--- EXERCISE DESCRIPTION ---
Instruction for the listing below: copy exactly, and only, the lines from the one holding "CARTOLINA INTERO POSALE" through its last line, omitting any picture.

--- RECORDED DATA ---
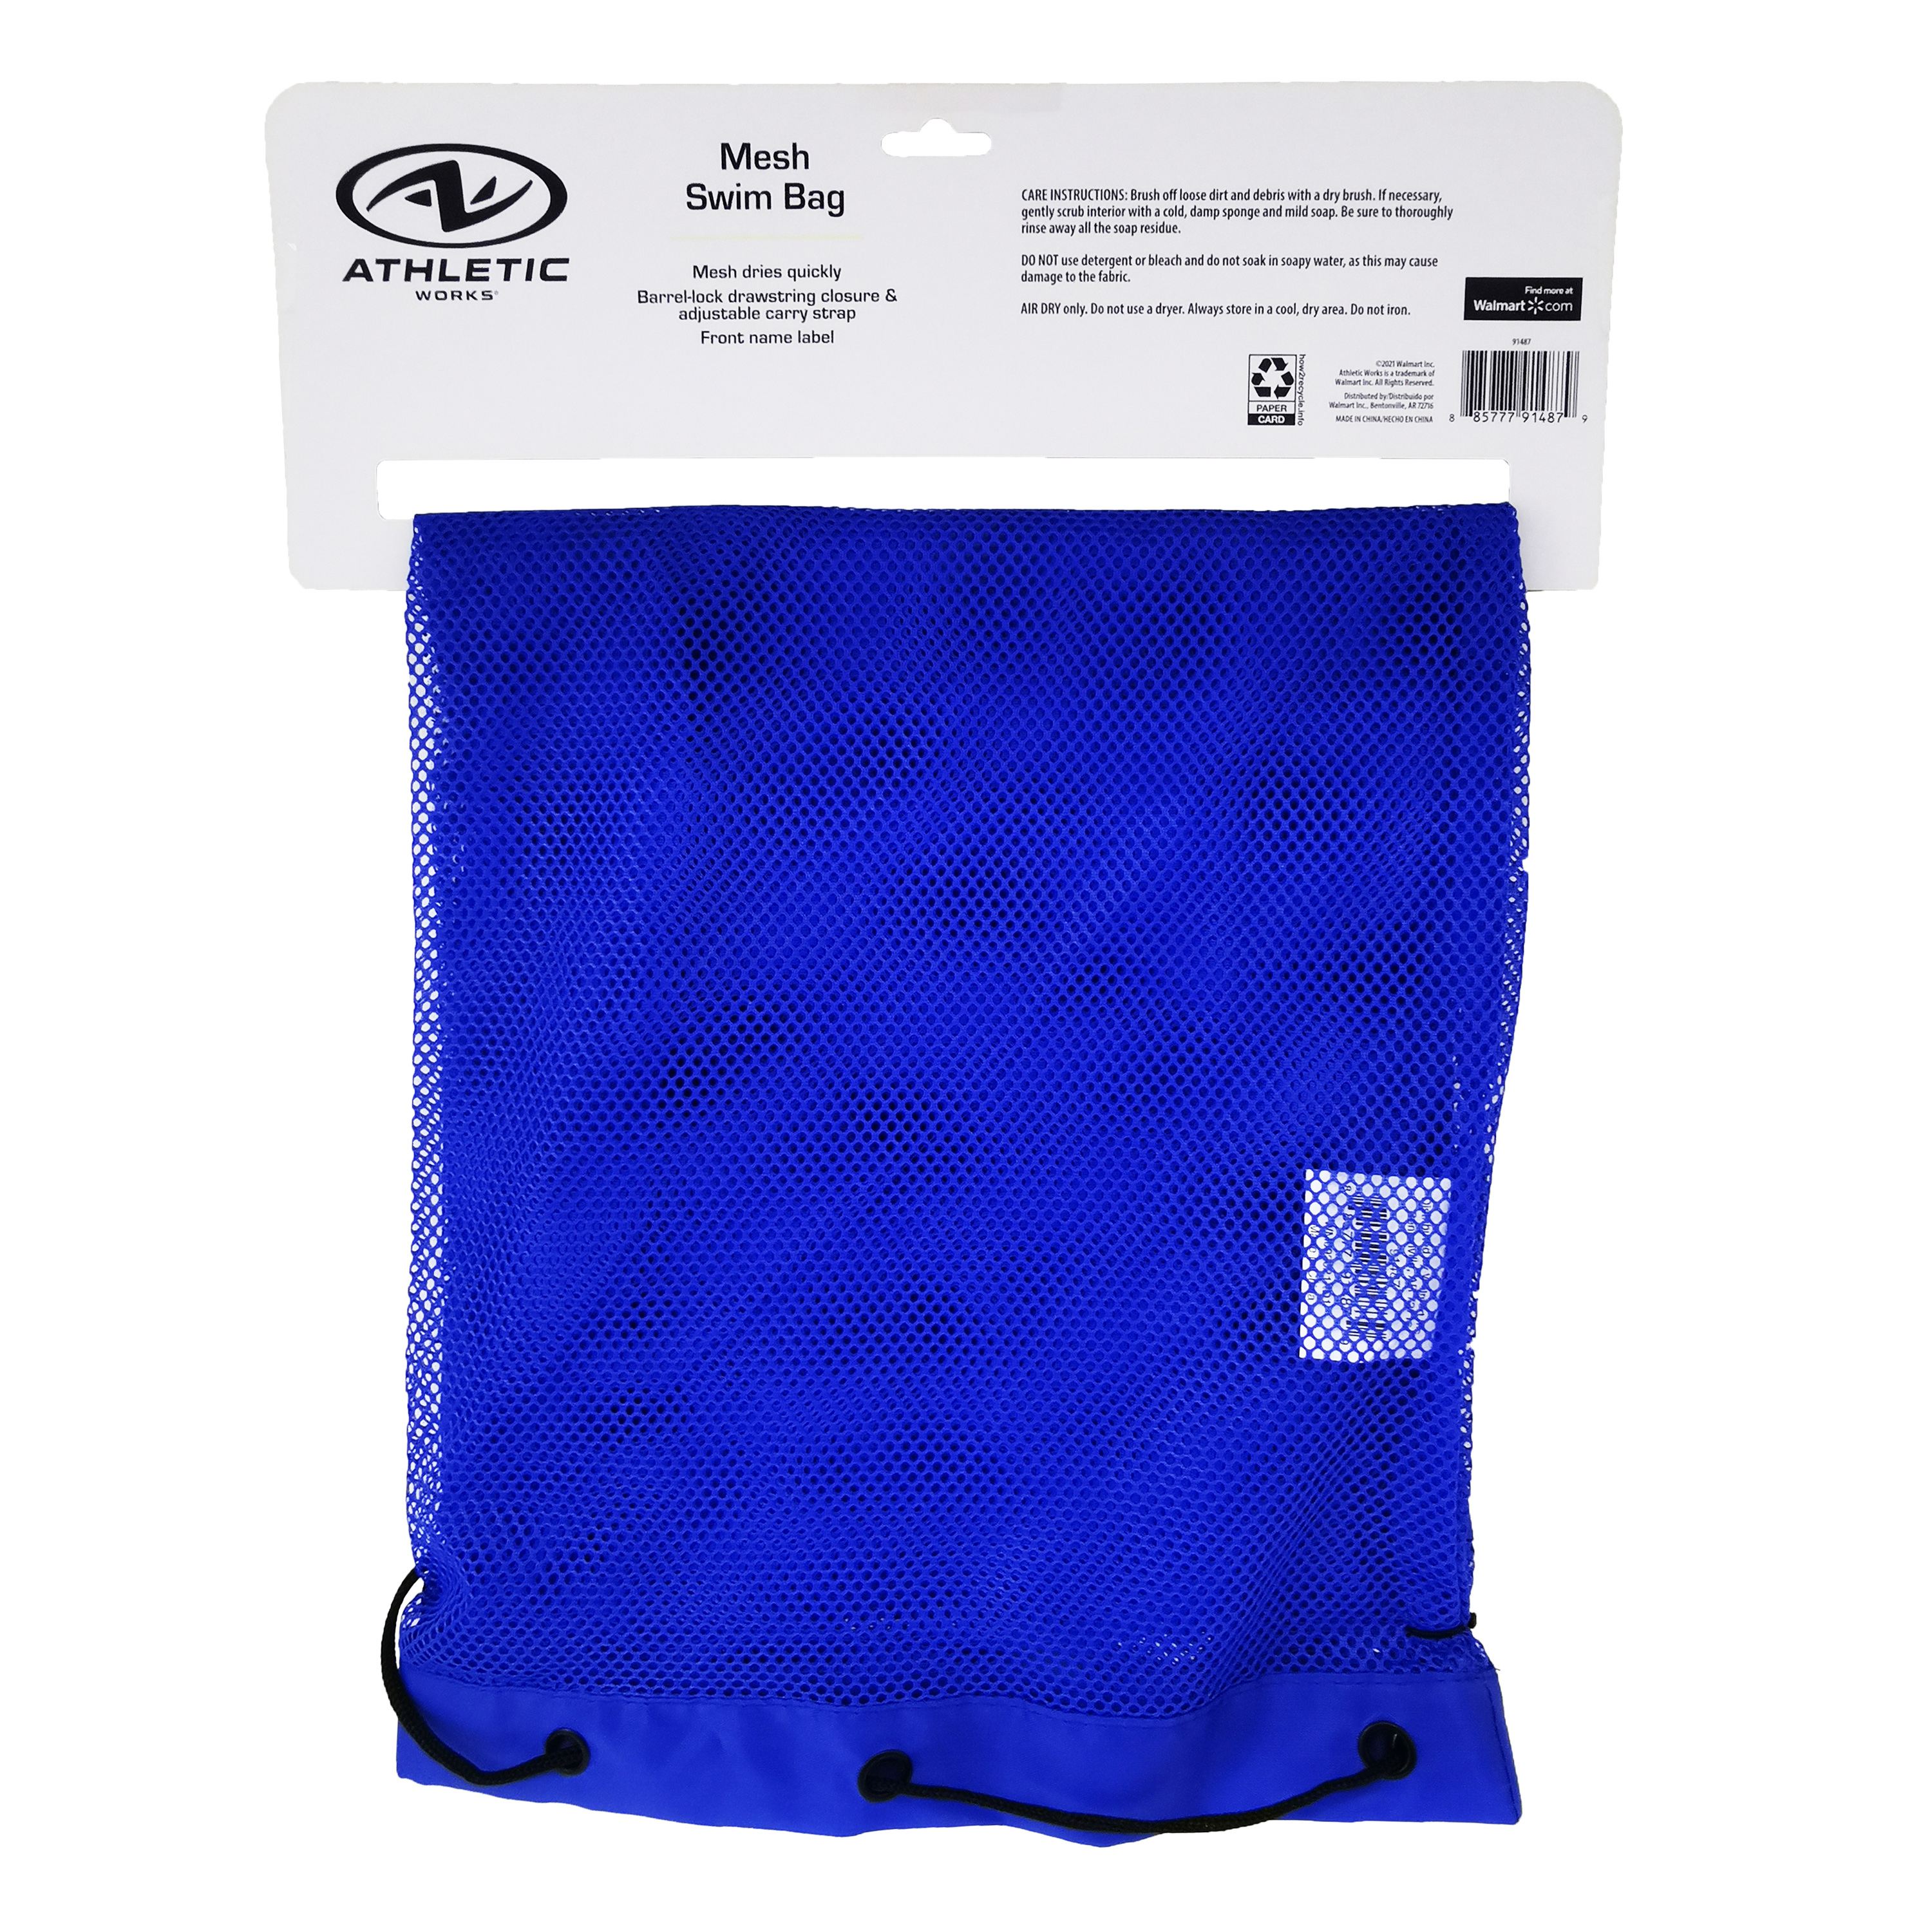 Athletic Works Mesh Swim Gear Bag with Drawstring, Large 75L, 28
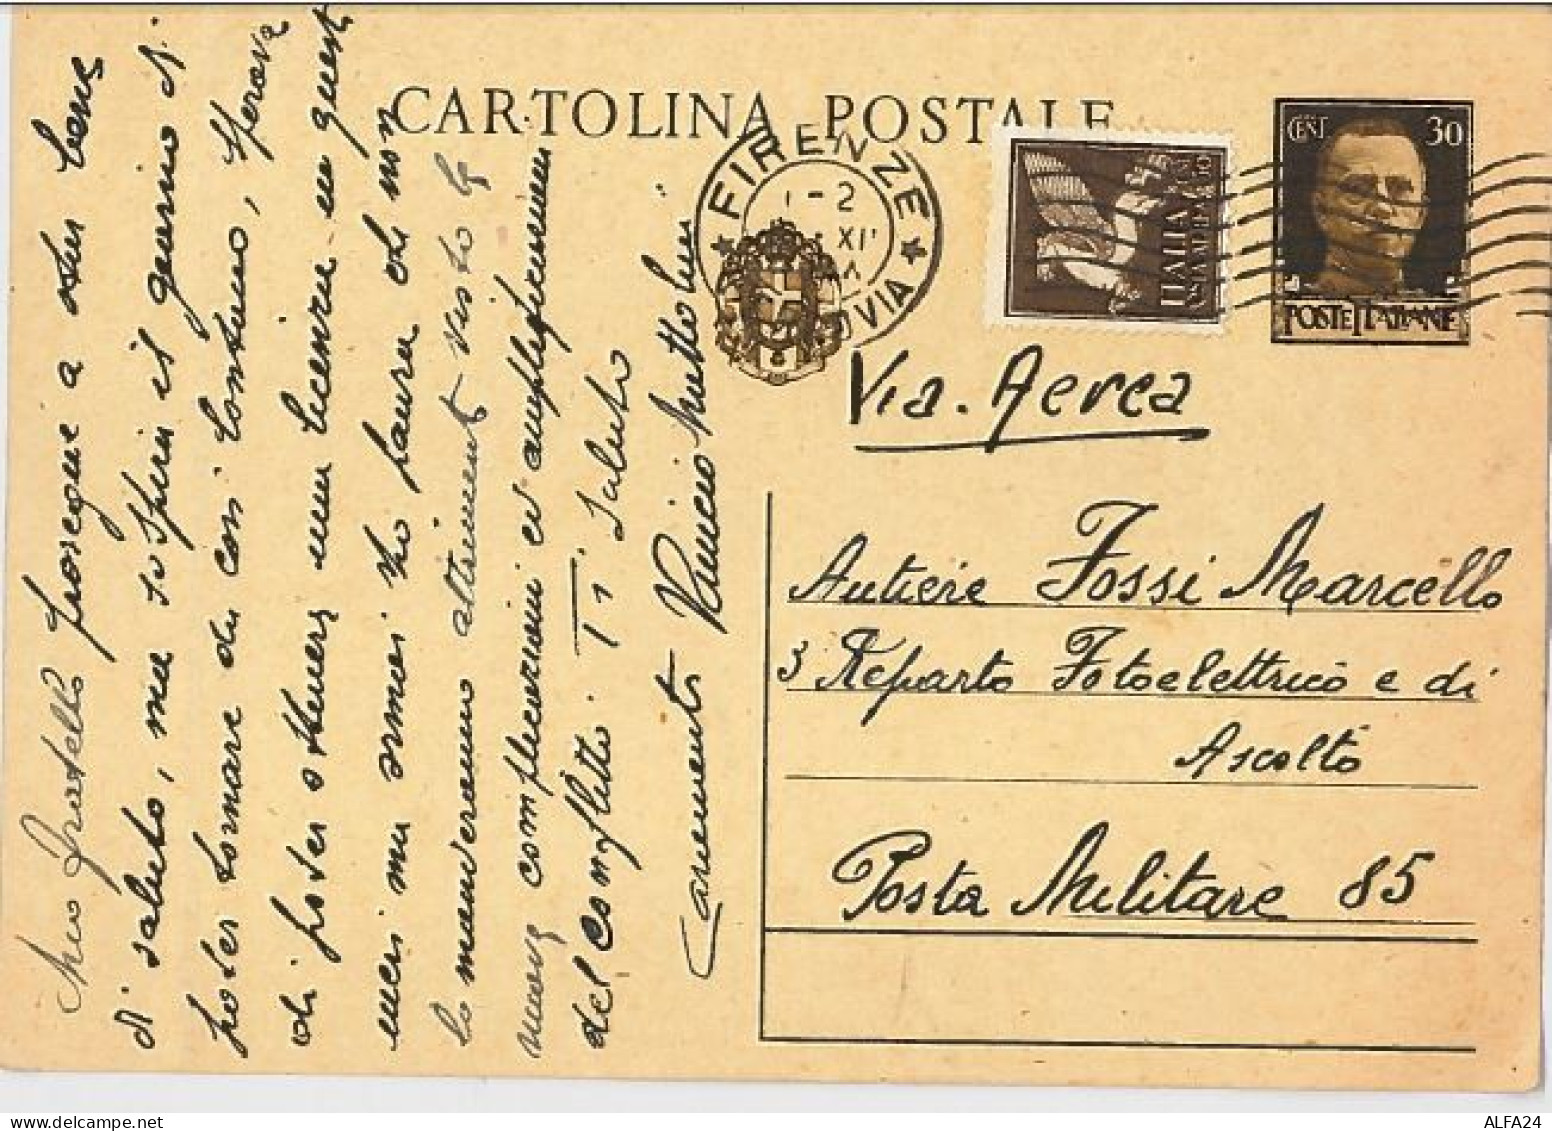 CARTOLINA INTERO POSALE VIAGGIATO POSTA AEREA 1941  (SX57 - Storia Postale (Posta Aerea)
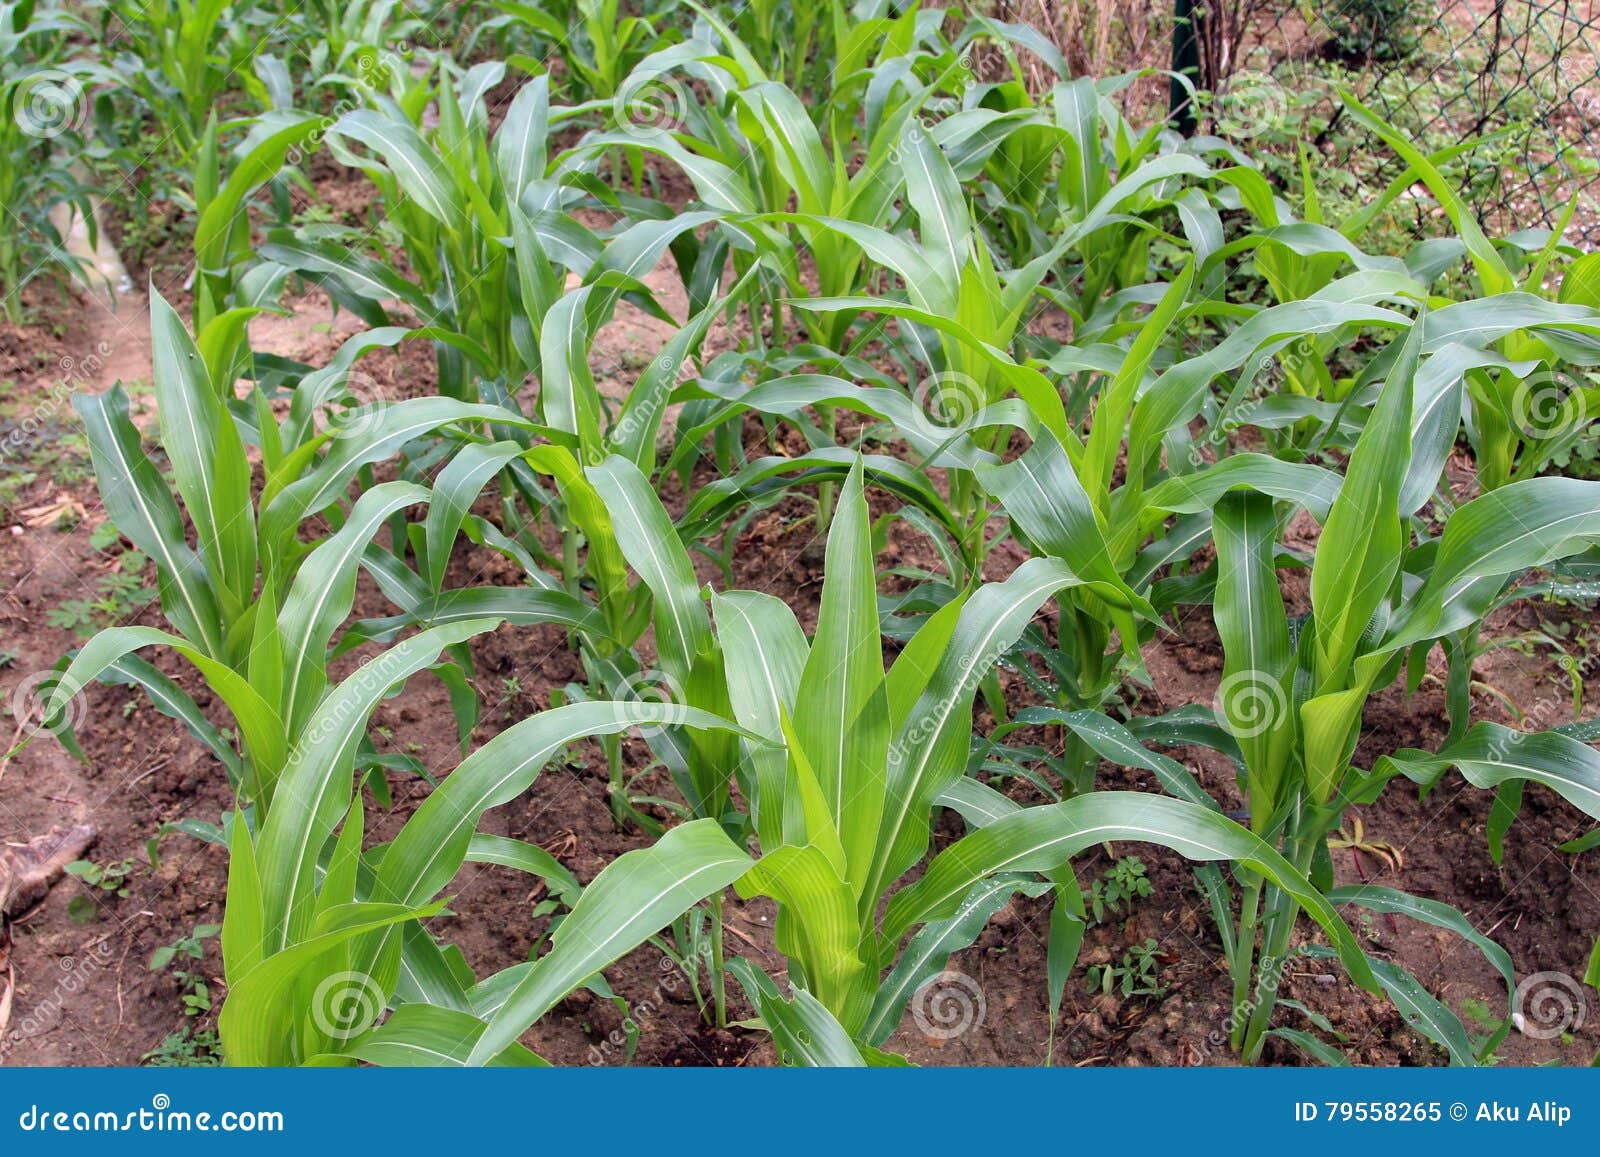 How a Corn Plant Develops

--- SOLUTION FOR THIS EXERCISE ---
 CARTOLINA INTERO POSALE VIAGGIATO POSTA AEREA 1941  (SX57 - Storia Postale (Posta Aerea)
 How a Corn Plant Develops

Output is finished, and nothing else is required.